I just saw this on my mobile and had to jump on the computer.
There are historical reasons for most of this but just start with your C scale as a starting point (also easier because no sharps/flats).
The 7 tones you're referring to, that is a diatonic (dia = 7; tonic = tones). It is the most common scale pattern in Western music (also pentatonic, 5 tone scale, penta meaning 5).
Now in Western music, you have 12 total tonalities, each of which has an enharmonic equivalent (same note, different name; the name you use depends on the context).
C
C#/Db
D
D#/Eb
E
F
F#/GB
G/F
*
G#/Ab
A
A#/Bb
B
C
*(double sharp, rare to see this but goes back to historical technicalities)
Now scales are made up of how each of these tones relate to one another by interval degree.
C D E F G A B C
This is your C Major. The pattern of steps (one half step is two tones next to each other, C to C# for instance or E to F; whole step is two half steps) would be: w w h w w w h
The octave is the root. Now the scale patterns are useful but not as useful from a theoretic standpoint.
What we have then is intervals and their relationships. Of these, in Western music, diatonically based scales you have 4 perfect tones (1 4 5 8 [octave]) and 4 major tones (2 3 6 7). Lower case m = minor, upper case = Major, + = augmented, - = diminished (listed without enharmonic equivalents with the exception of augmented 4/diminished 5):
Root (P1)
2m
2M
3m
3M
P4
4+/5-
P5
6m
6M
7m
7M
Octave (P8)
The interval pattern is simply what it takes to map out, from the root, the major scale.
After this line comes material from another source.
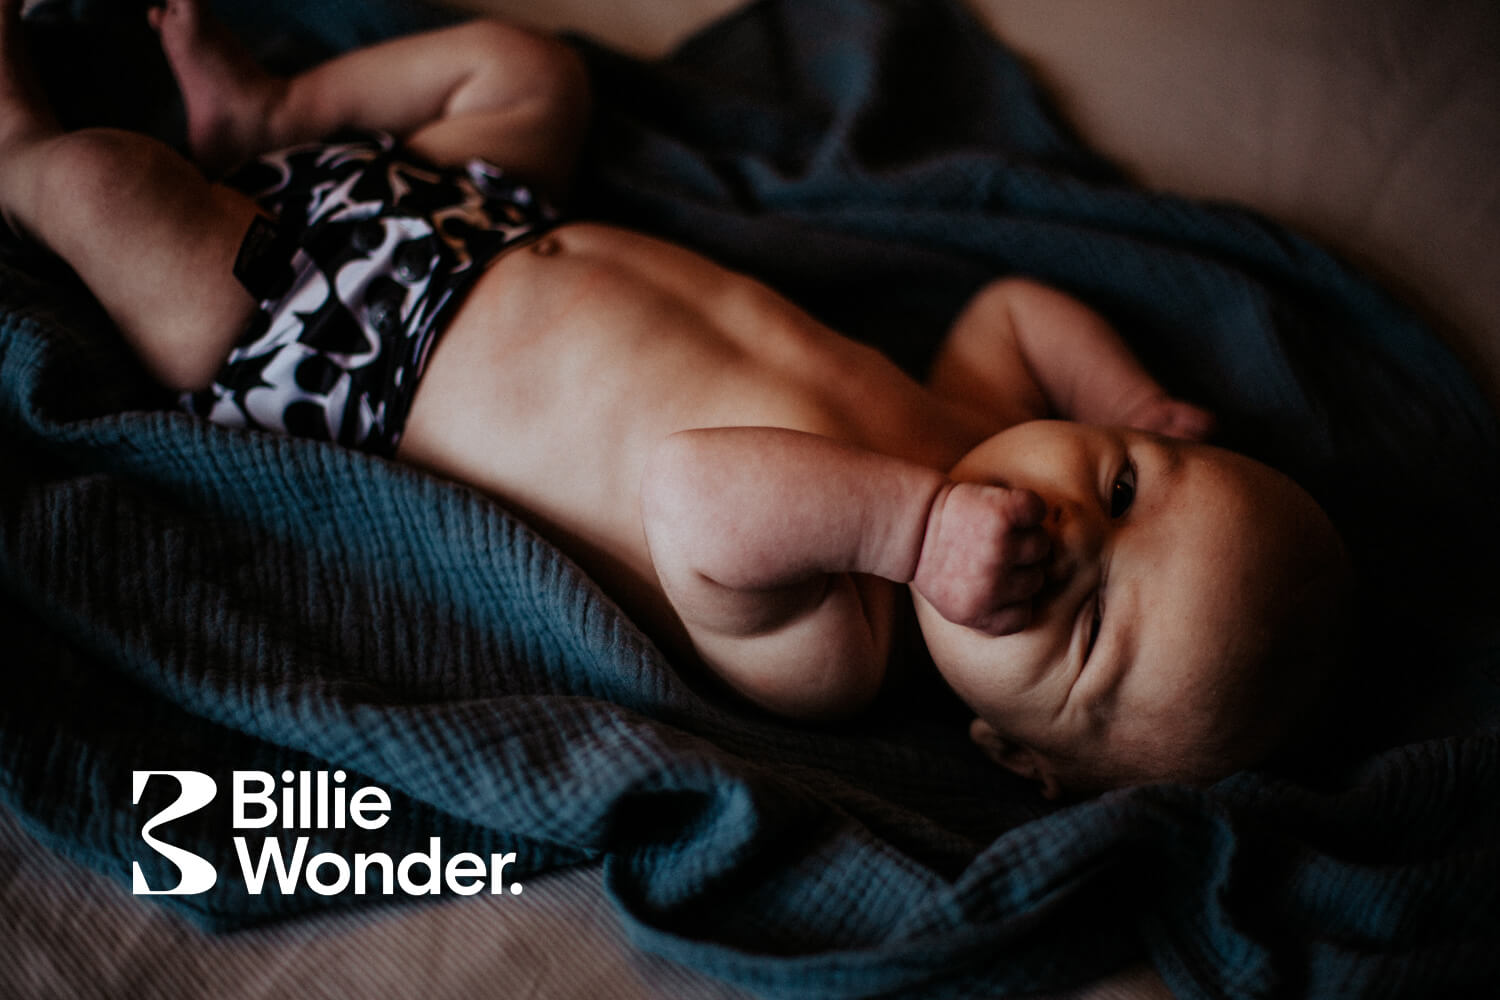 Billie Wonder helps you to reduce waste production with washable diapers in an easy and stylish way

P1, 2M, 3M, P4, P5, 6M, 7M, P8:
C (P1/Root)
C# (2m)
D (2M)
D# (3m)
E (3M)
F (P4)
F# (4+/5-)
G (P5)
G# (6m)
A (6M)
A# (7m)
B (7M)
C (P8)
Now the way intervals work is also what determines chord builds (must have root, third, fifth for a proper triad, typically [exceptions abound]).
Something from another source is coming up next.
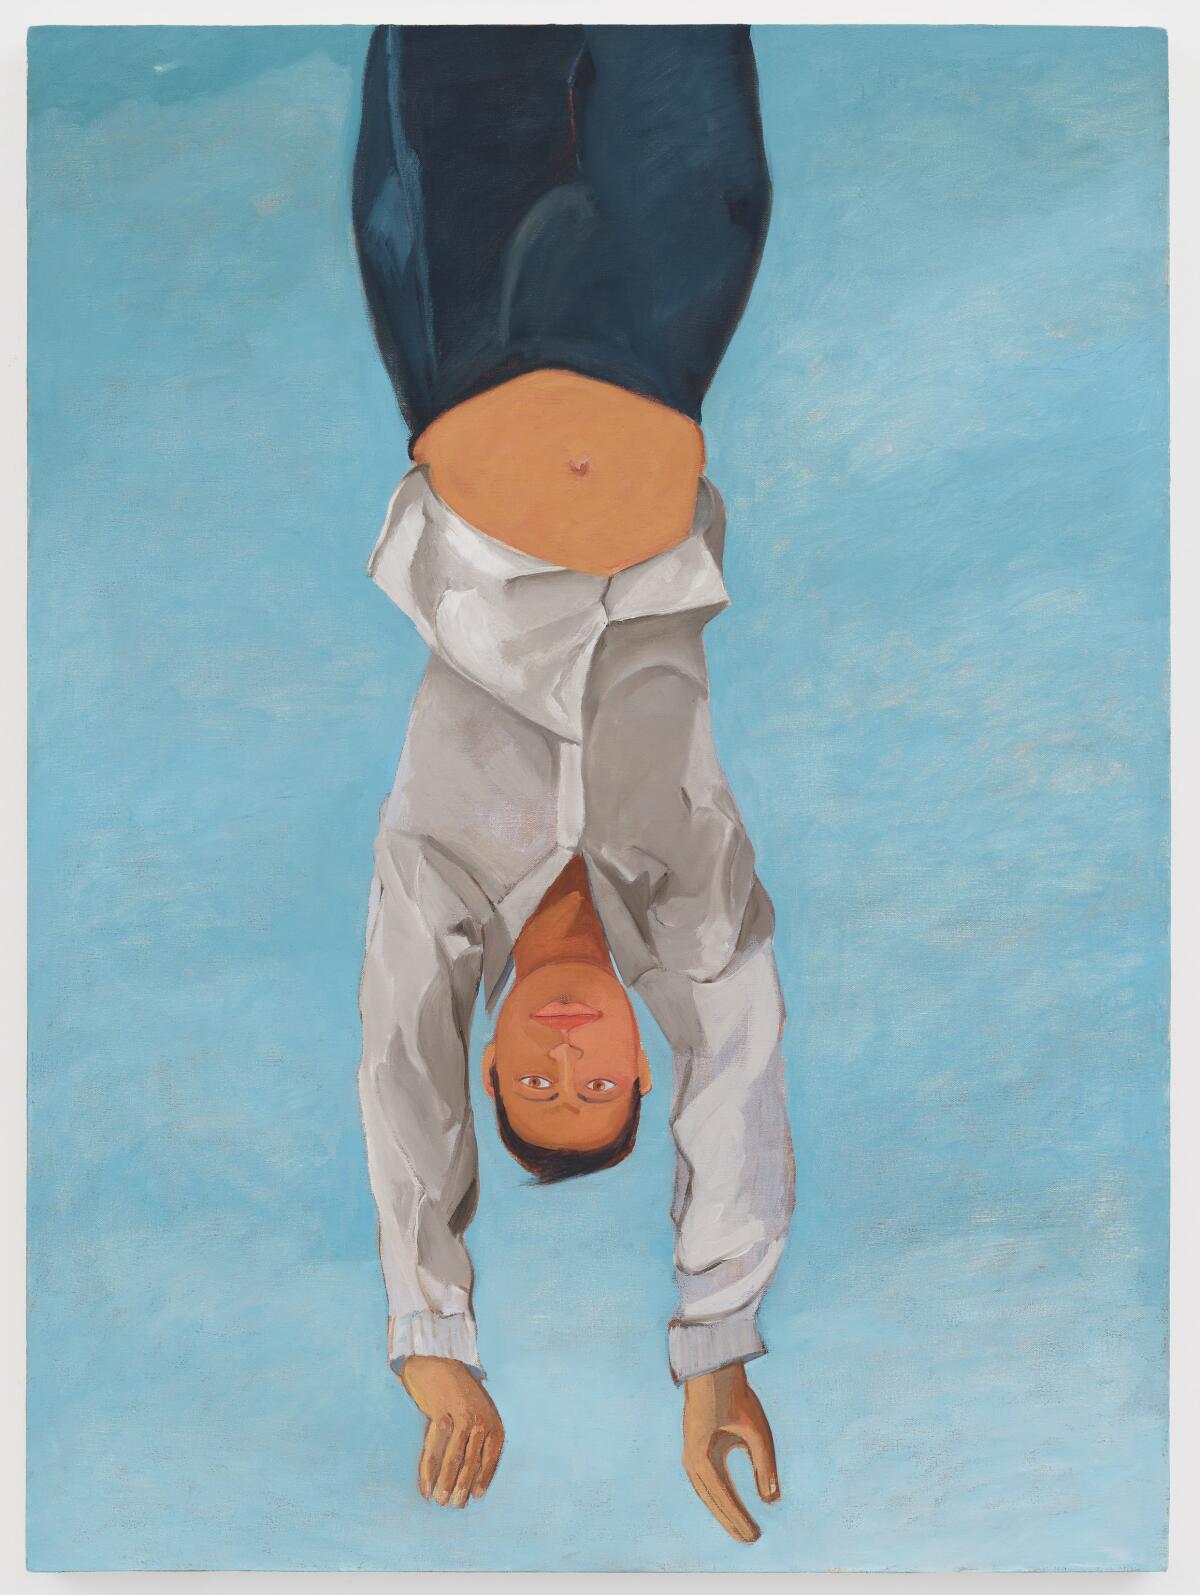 A large painting shows a man in a white shirt hanging upside down against a sky blue background

Your sharps and flats essentially mean one half step up (for sharp) or down (for flat) from the given tone. So if you had to modulate, Writing an F note in the sheet music and flatting it would give you an E, but for theoretical purposes and playability via site reading and so on, you wouldn't write E, you'd write Fb (which also shows a modulation). Don't worry with modulations for now. Just explaining what sharp and flat means.
There are 12 fundamental tones in Western music which repeat. You don't really need to know much about frequency in most cases, just know that the frequency perfectly doubles when you go up one octave. If you place a C and then play the next octave of C (often written C' which is called C-prime), then the wavelengths perfect match to make them perfectly harmonious, though the C octave is twice as fast (perfectly twice as fast) and therefore is a higher pitch.
Now back to intervals.
Your intervals can be major or minor and your chords can be major or minor (M/m); they can also be diminished or augmented.
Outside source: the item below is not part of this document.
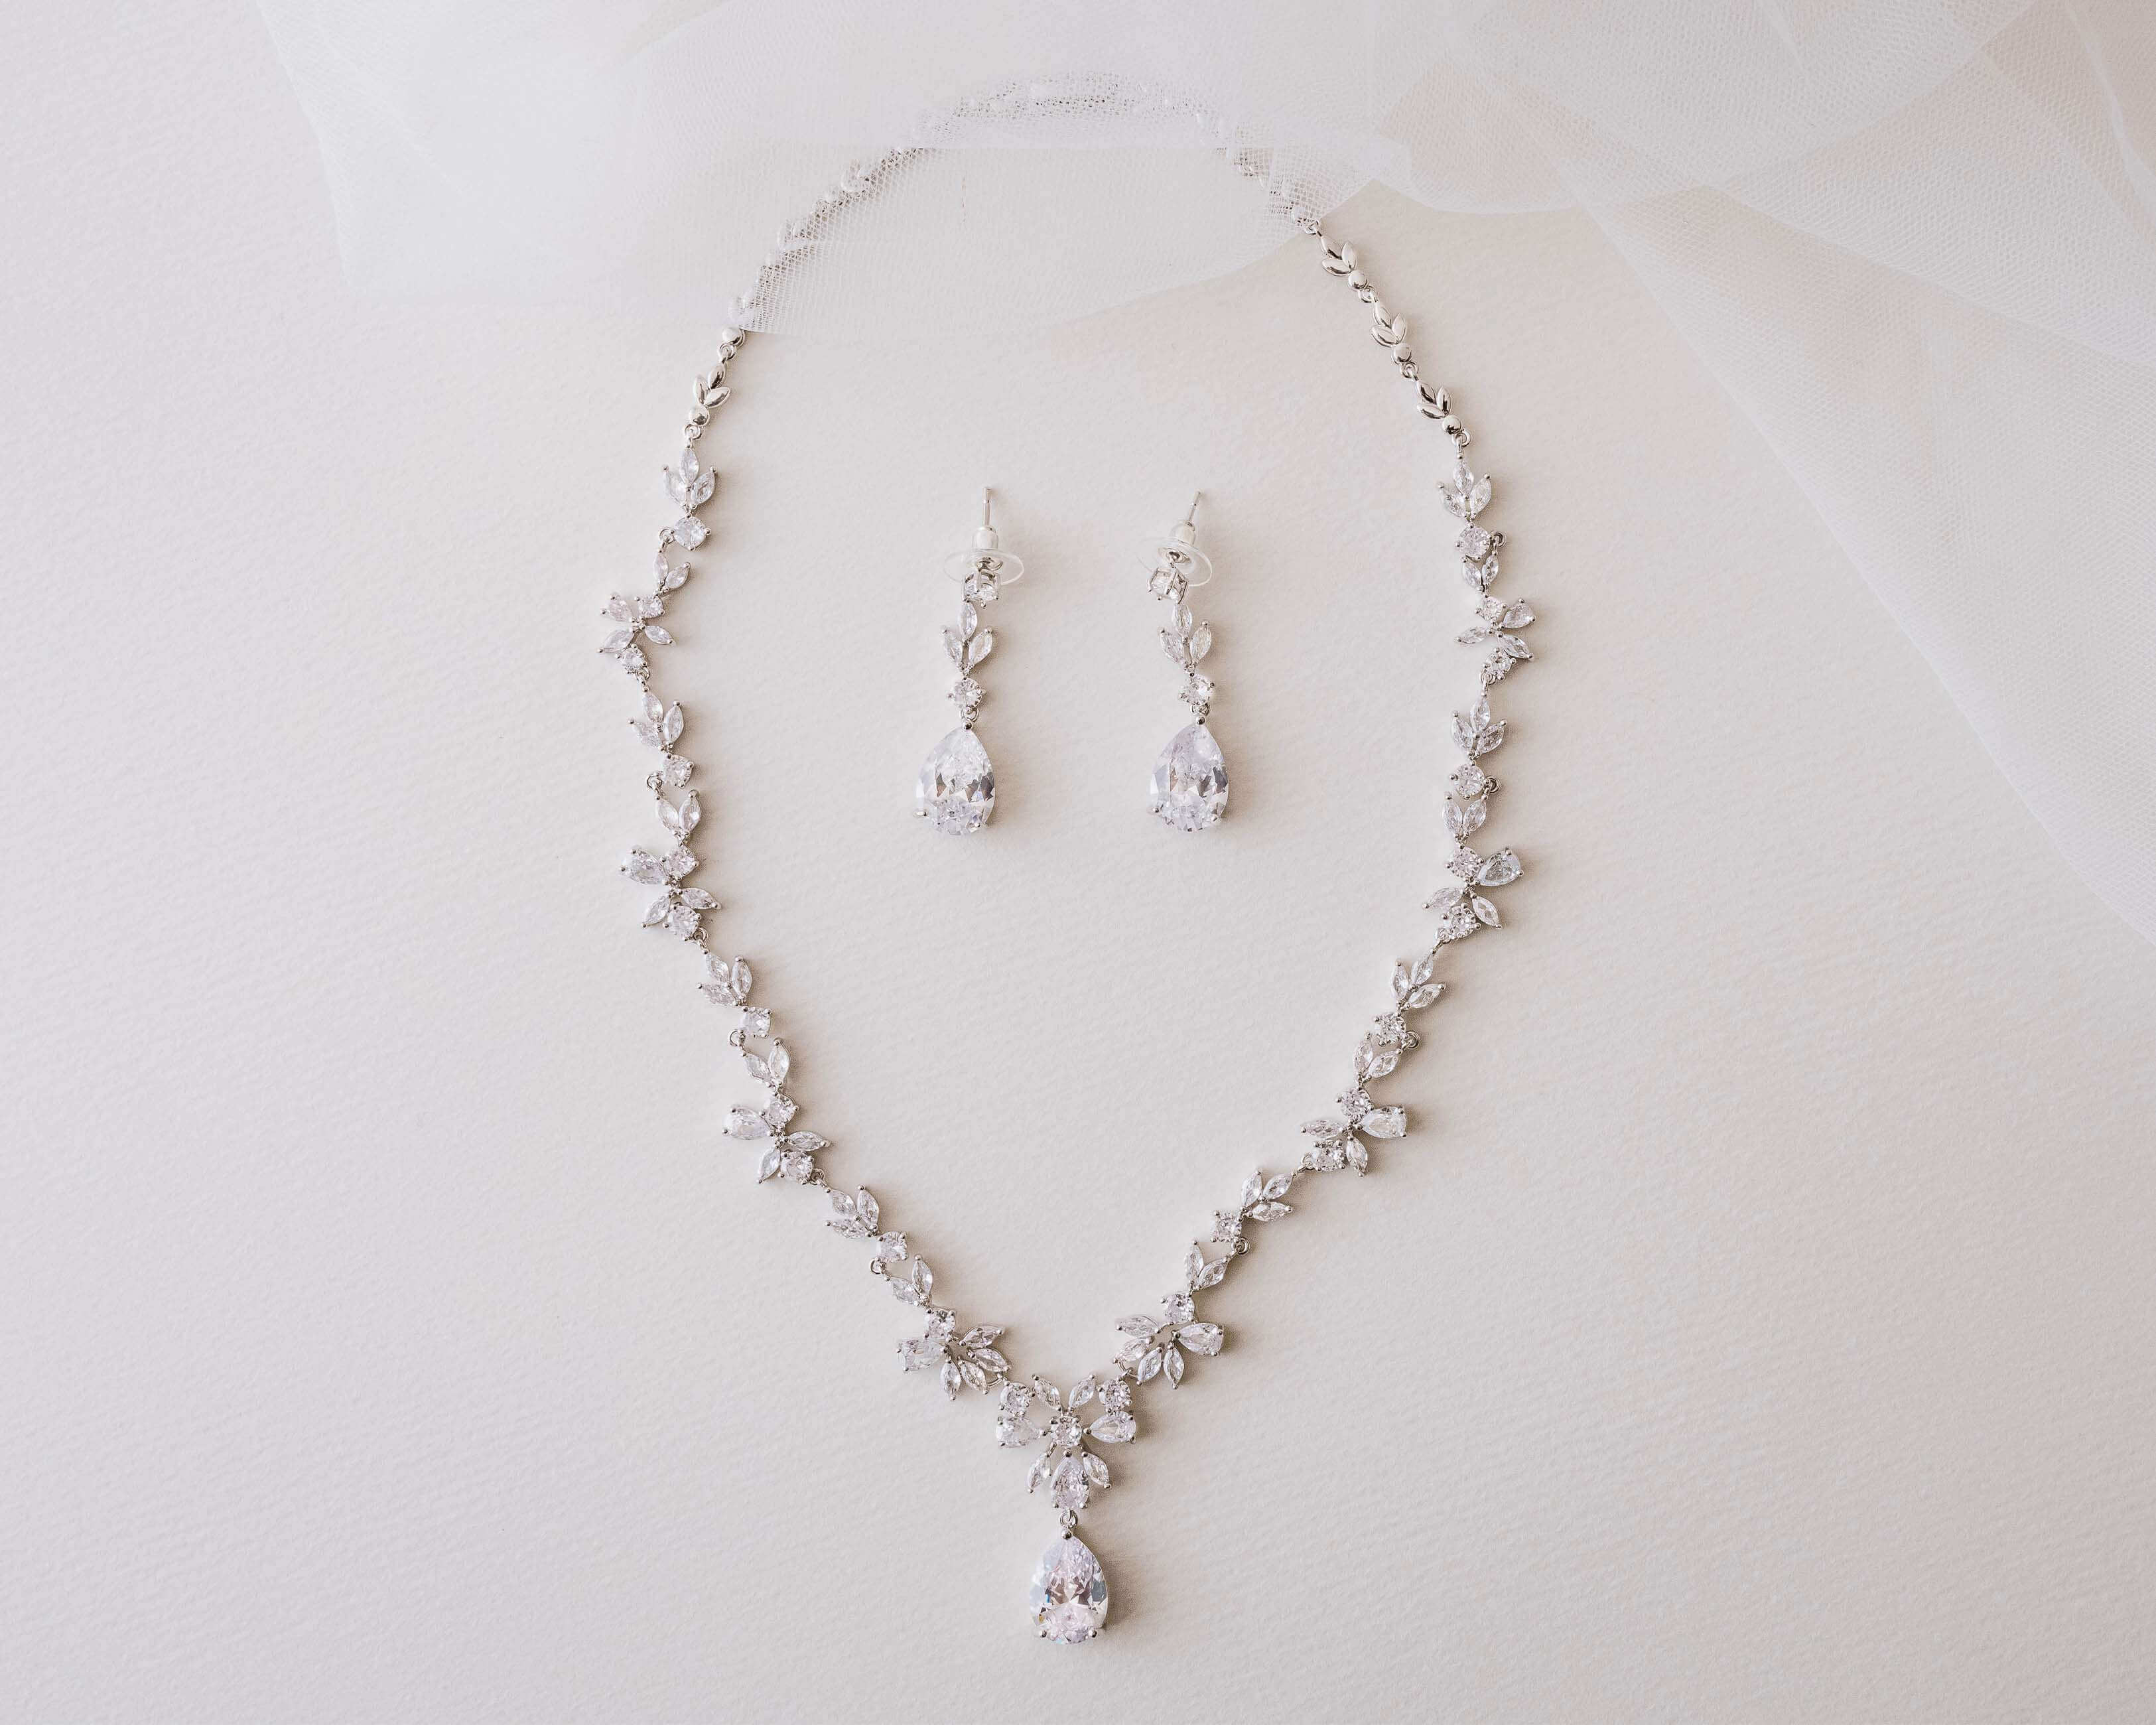 Silver  Crystal Bridal Necklace Earrings Set - The perfect wedding jewelry.

However the NOTES in the scale are NOT individually major or minor. A note by itself can only be natural (♮), sharp (♯) or flat (♭). These are called Accidentals. You usually won't see a natural unless you need to alter a note that, according to the key signature or modulation, is usually sharp or flat, as being natural.
OK so for something simple and highly relevant, writing out a scale and the enharmonic equivalents.
A Major, since that was mentioned. You only use each tone (C D E F G A B C) ONCE. Never use the same tone twice, that's what accidentals and enharmonic equivalents are for.
Correct: A, B, C#, D, E, F#, G#, A
Wrong: A, B, Db, D, E, Gb, Ab, A
This goes back to readability on the staff (sheet music). If you're going to learn theory, being able to read sheet music at least moderately is a MUST. It will get more and more imperative as you advance in theory to be able to read sheet music.
Going back to C major, you may see it listed by Roman numeral. These indicate the triad chords on each degree. For the major scale (regardless of tonal key being C or D or whatever, this is ALWAYS the major scale):
I ii iii IV V vi vii°
Capital numeral is major, lower case is minor and a lower case with a ° is diminished.
So to make a proper triad, as I said before, you need root, third and fifth. This is based on the actual root of the chord, not the root of the scale so for C major... (root of chord in bold at bottom):
G A B C D E F G
E F G A B C D E
C D E F G A B C
Now look at the first chord, CM (I). You have your root C P1, (d = second, skip), your third which is a Major third interval above the C and then your G is your fifth above C and it is perfect, so you have a major triad (R, 3M, P5).
Look at the second chord. You have your root of D, then the F is a minor third above the D (F# would be a Major third), and then your A is a perfect 5th of D so you have a minor triad (R, 3m, P5).
The last chord is diminished, the B because you have over the B, a minor third and a diminished 5th. (R, 3m, 5-). Look at the list of intervals above and map it out from the B: B is your root, then you have C 2m, C# 2M, D 3m, D# 3M, E P4, E# 4+ but because we already have an E in the key (C Major), it must be F which makes it 5-.